Saturday, October 9, 2010

I, Violet. I, Daisy. Original Hilton Sisters Homage

I, Violet. I, Daisy. Painting on two joined pine boards, 16 x 18 inches. Click on image to see the details, varying from the woodgrain itself to almost fabric-like portions.

M Y   A R T — This painting is an homage to Violet and Daisy Hilton, the conjoined twins made famous in the 1930s. They appeared in the cult-classic film, Freaks, and they had a long career singing and dancing in Vaudeville and the legitimate sideshows so popular back then. They even tap danced in a Vaudeville act headed up by Bob Hope. They always referred to themselves as "I, Violet" or "I, Daisy." They each led quite a life, really overcoming their differences from other entertainers. They dyed their hair different colors, had different "suitors" and generally made the best of their lives, as we all hope we can do. 

The sisters were featured in a book I designed years ago, Shocked and Amazed, On and Off the Midway, by James Taylor and Kathleen Kotcher. if you click over to Amazon with this link, make sure you then click on "Look Inside." You'll see the final cover and several interior pages of this black and white book. For some reason, the cover shown on the first Amazon link is an earlier version that didn't make the cut.

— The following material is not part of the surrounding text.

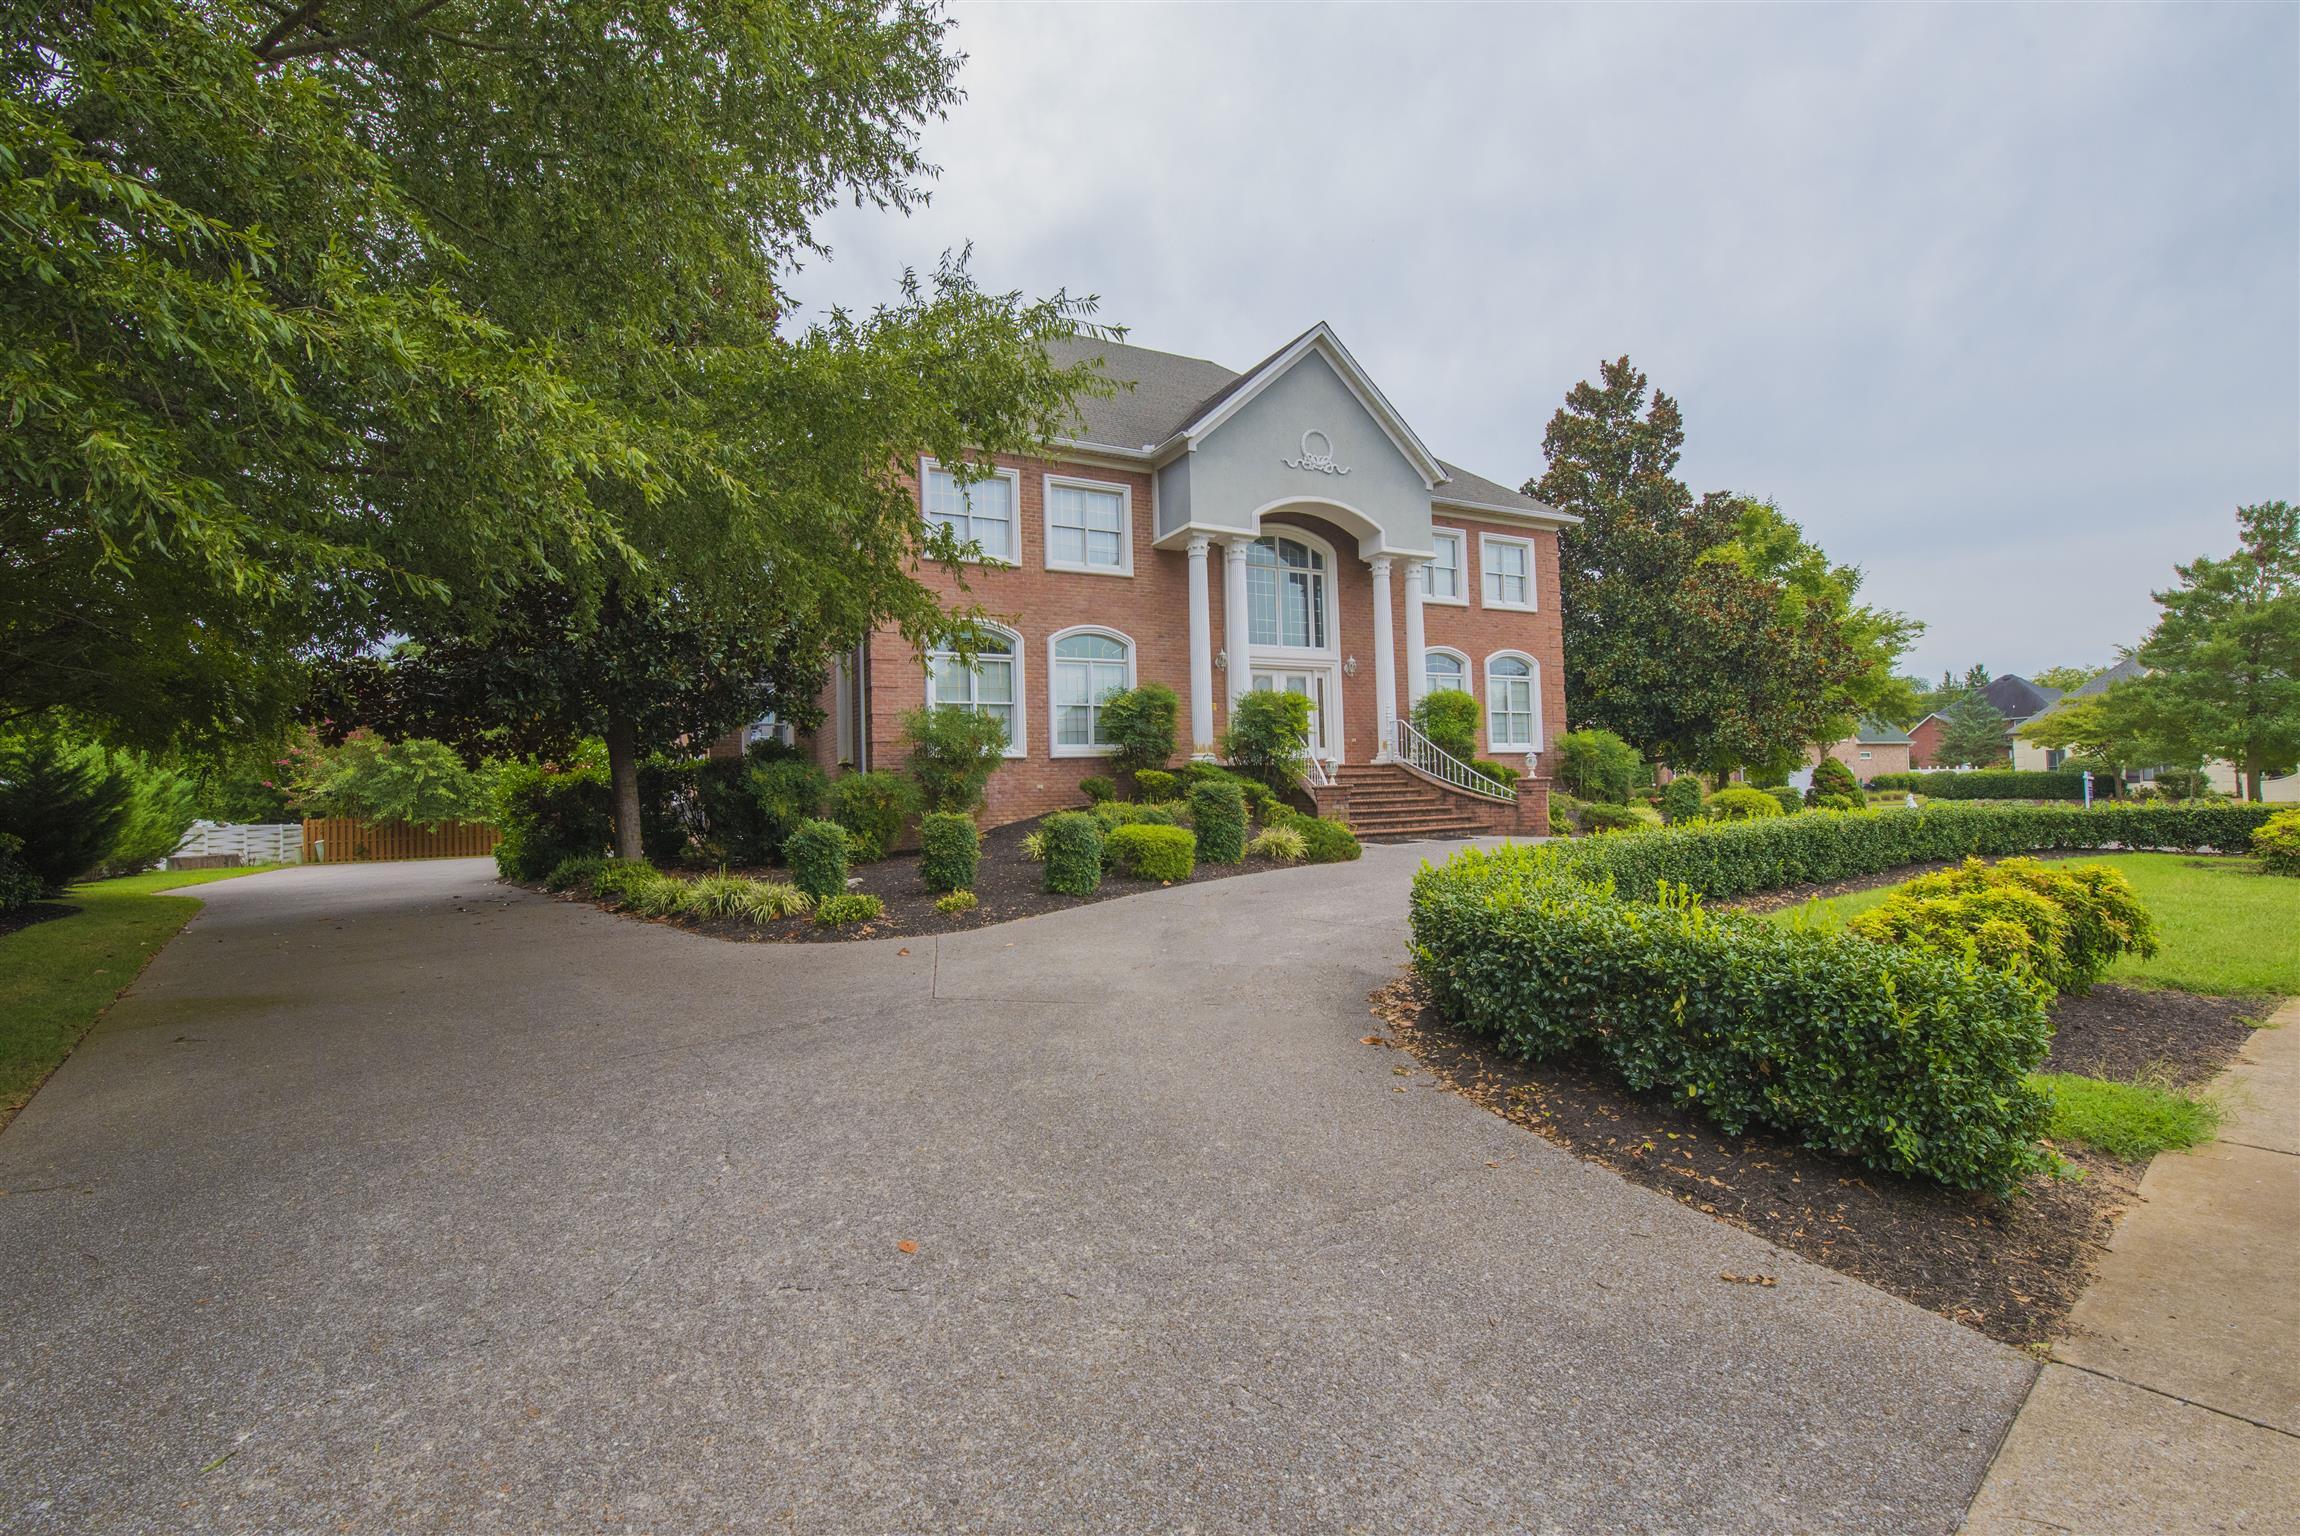 2902 Princeton Ln, Murfreesboro, TN 37130 - Murfreesboro, TN real estate listing

My thoughts behind my piece of art are very simple. Violet and Daisy both felt trapped in their attached bodies. They adored each other, but felt boxed in. They loved fine clothes, fine surroundings, but often found themselves on the seedier sides of towns they visited on tour. I painted the flowers in squares, a pseudo polaroid for Violet, and three repetitive boxes for Daisy. They each have their own pine board, but the 2 pieces of wood are joined together. There is a lot of finely detailed painting, dots, stripes, repeated patterns, almost fabric like in places, but much of it appears worn. They couldn't hide their perceived "flaws" and neither can this piece—I left the knots in the wood clearly visible and there is much of the grain of the wood to be seen as well. The colors are similar on each board, but not exact matches, and I was careful to make sure none of the stripes actually cross from one board to another. They valued highly their differences, as most people tended to only see their similarities. I'm proud to say this piece hangs in my friend Mary's home today.

For more on these fabulous sisters, the original Hilton sisters, click over to this link at Wiki.


  1. Brilliant! One of your best.
    You captured the essence of their lives together, yet managed to illustrate the differences that made them unique.




  3. Wow, I can't even imagine being conjoined. I've lived alone since the early '70's, well except for those kids that kept hanging around, I guess the baby ran off to college in '81 or 82. The thought of having to share air space with anyone let alone body space............whew. Really would take strong personalities to be yourself. Might be an interesting read.

    Interesting piece Casey.

  4. SO interesting! I love your interpretation of their lives through your art.
    I also appreciate you sharing your thought process on it...I realize we each need to interpret art for ourselves, but I do love to know what the artist was thinking and what the original intent was.
    (hi X, Granny, AA!)

  5. Hi everybody! Hope your all having a great day!